Com a programação chegando agora aos usuários locais diretamente, via internet, cabo ou satélite, a Globo e suas afiliadas precisariam realizar uma mudança no modelo de negócios da rede –o que já parece estar começando, na avaliação do executivo, com um perceptível aumento do espaço para programação regional. (Nelson de Sá e Fernanda Reis)
Meio século no ar
Fatos marcantes dos 50 anos da TV Globo
1957 – O presidente JK aprova a concessão de canal de televisão à Rádio Globo.
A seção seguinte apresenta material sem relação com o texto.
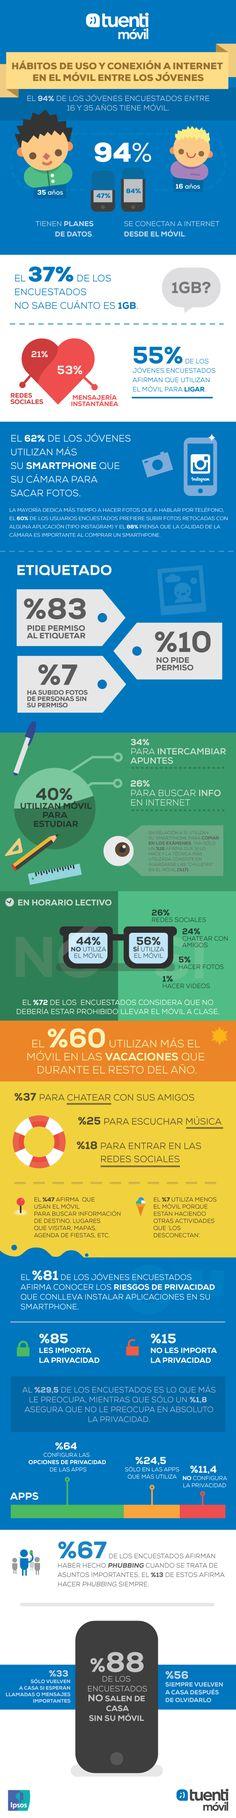 ¿Cómo y cuánto usan los jóvenes españoles el móvil?

1965 – Inauguração da TV Globo. Na estreia, em 26/4, são exibidos os primeiros jornais, “Tele Globo” e “Se a Cidade Contasse” e a primeira série, “Rua da Matriz”. Carlos Lacerda denuncia como ilegais as relações da Globo com o grupo americano Time-Life, já que a Constituição proibia capital estrangeiro em empresas de comunicação.
1967 – O contrato Globo/Time-Life é considerado legal porque a modalidade jurídica adotada não atribuía ao grupo americano interferência na gestão da emissora.
1969 – O canal realiza a primeira transmissão via satélite –uma entrevista de Hilton Gomes com o papa Paulo 6º gravada na véspera. Em setembro, estreia o “Jornal Nacional”, primeiro telejornal do país transmitido em rede nacional.
1970 – A Copa do Mundo é o primeiro evento com transmissão direta em cores.
1971 – A passagem de ida e volta dos comerciais começa a ser marcada com a vinheta “plim plim”. Os jornais do canal passam a utilizar o teleprompter.
1973 – Estreia “O Bem-Amado”, de Dias Gomes, primeira novela brasileira em cores. Vão ao ar “Globo Repórter”, “Fantástico” e “Esporte Espetacular”.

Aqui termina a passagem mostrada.